Then I decided to try my luck and ordered a 2011 Litespeed Archon 1 fully equipped with SRAM force from Road Bikes, Frames, Completes, Bicycle Parts and Bike Accessories from RealCyclist.com for $1900, regularly $4299. When I purchased it online, I was initially told it would take 1-2 days to build and ship. However, when I called them yesterday, they said they are 1-2 weeks behind as they sold a boat load of bikes at reduced prices. Now I'm debating whether I should keep or cancel the order.

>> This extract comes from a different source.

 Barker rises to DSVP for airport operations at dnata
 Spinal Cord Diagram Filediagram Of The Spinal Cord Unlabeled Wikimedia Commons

In the meantime, I took all the parts and wheels that came off of the old Infinito into the LBS where my new Infinito frame was delivered to. The LBS owner looked at all the parts and it looks like it might cost no more than $100 for a rear derailer. The spoke that was bent no more than 1/16th of an inch can be straightened out and the wheel trued. So, after considering the Defy has been recalled with no date for new forks to be produced and shipped, and considering the Litepseed isn't going to be here (if I keep the order) for 2-3 more weeks, I decided to just have the new Infinito frame built back up. That is going to be my fastest way to getting back to riding. I've been off the bike since 9/23 and I just need to start pedaling again. It's killing me not to be out there pedaling!!


----------



## shokhead

Sounds like you bought a lot of bikes without riding them?


----------



## adjtogo

Bought two without riding them. Didn't receive either of them. I didn't see any other options that would put me back on a bike immediately, so that's why I went ahead and decided to get the new Infinito built back up. Maybe what happened before was just a feak accident and will never happen again.


----------



## stickboybike

illuminatironin said:


> Hey ADJ,
> Sorry to hear about your trouble. What city in FL do you live in? I am in the Orlando area and was thinking about a Bianchi but after hearing about this saga I may back off. I rode an Infinito at an LBS and it rode nice. But I was a bit put off by the carbon to AL lugs and just from sitting in the LBS the handlebar finish is cracking and the tires are dry rotting. I might be leaning now towards a Cronus or CLX 3.0. Let me know how the Giant treats you!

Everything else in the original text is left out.